Not everyone is called to music, if you're not; fine do something else. Do something that is making positive change at your parish no matter how small it is just dont sit around and complain. And the parish we belong to is not a small one either, we have nearly 3,000 families.

5 comments:

japhy said...

I've grown up with the current Roman Rite; I've never attended a TLM, and the only Divine Liturgy I've attended was at an Orthodox church, not an Eastern Rite church. That being said...

I recognize the need for tighter adherance to the actual Rite, better catechesis in our dioceses, and a return to particular practices that help instill in us a sense of piety and reverence for the Eucharist.

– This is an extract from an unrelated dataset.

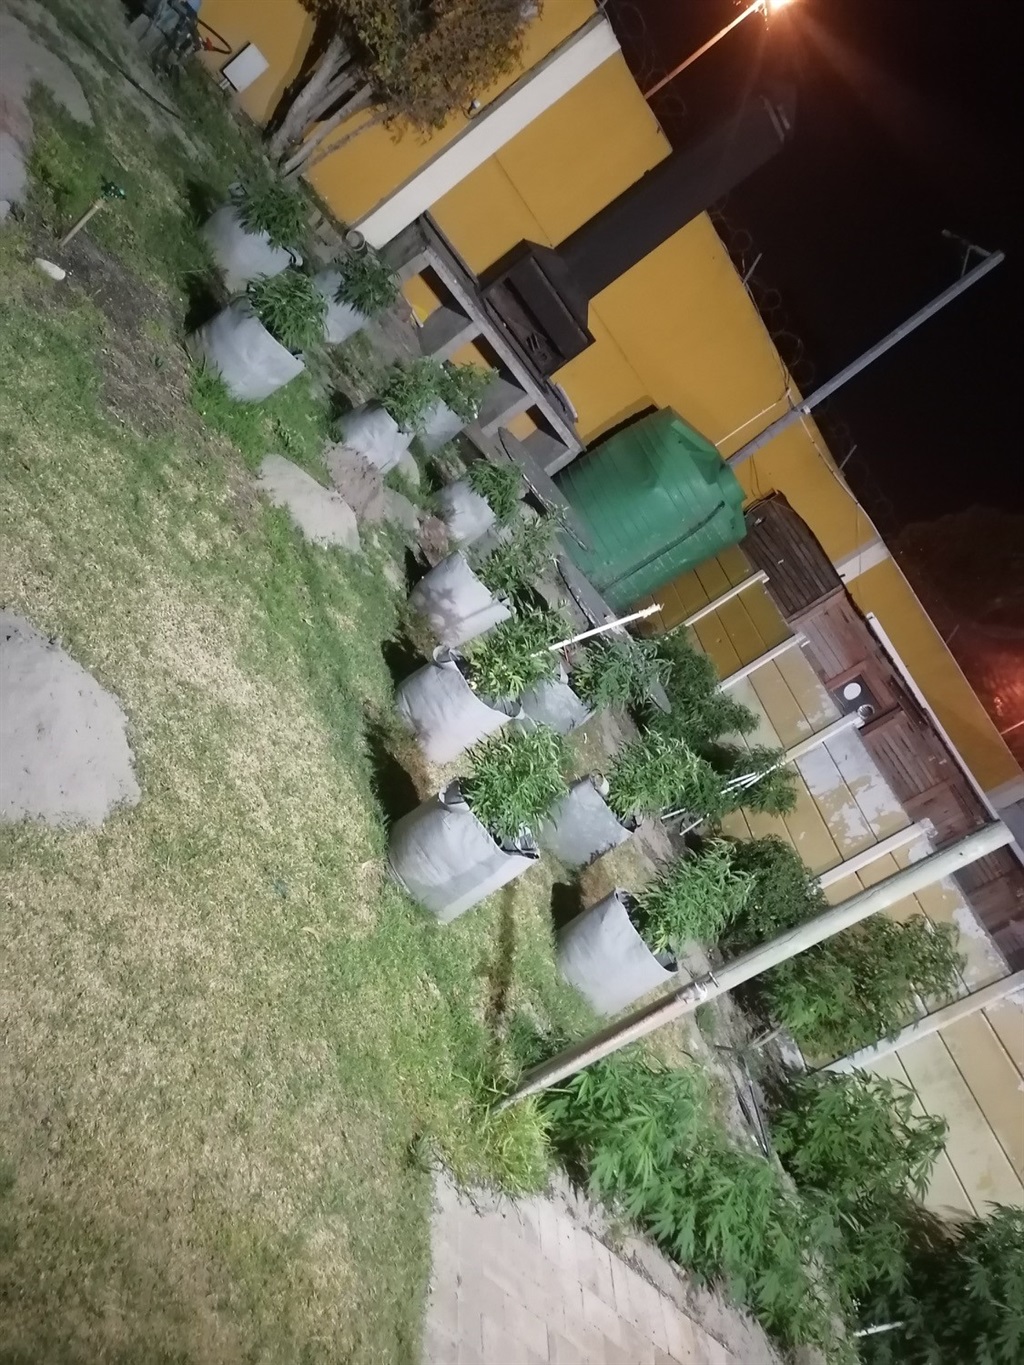 Potted marijuana plants growing in makeshift plant

I've personally been growing in those respects the past few months, and I'm eager to share that growth with others (which is one of the things I try to do on my blog). §3 recognizes the validity of Vatican II and the current Rite, while many other parts of the Exhortation (emphasis mine):

3. If we consider the bimillenary history of God's Church, guided by the wisdom of the Holy Spirit, we can gratefully admire the orderly development of the ritual forms in which we commemorate the event of our salvation. From the varied forms of the early centuries, still resplendent in the rites of the Ancient Churches of the East, up to the spread of the Roman rite; from the clear indications of the Council of Trent and the Missal of Saint Pius V to the liturgical renewal called for by the Second Vatican Council: in every age of the Church's history the eucharistic celebration, as the source and summit of her life and mission, shines forth in the liturgical rite in all its richness and variety. The Eleventh Ordinary General Assembly of the Synod of Bishops, held from 2-23 October 2005 in the Vatican, gratefully acknowledged the guidance of the Holy Spirit in this rich history. In a particular way, the Synod Fathers acknowledged and reaffirmed the beneficial influence on the Church's life of the liturgical renewal which began with the Second Vatican Ecumenical Council. The Synod of Bishops was able to evaluate the reception of the renewal in the years following the Council. There were many expressions of appreciation. The difficulties and even the occasional abuses which were noted, it was affirmed, cannot overshadow the benefits and the validity of the liturgical renewal, whose riches are yet to be fully explored. Concretely, the changes which the Council called for need to be understood within the overall unity of the historical development of the rite itself, without the introduction of artificial discontinuities.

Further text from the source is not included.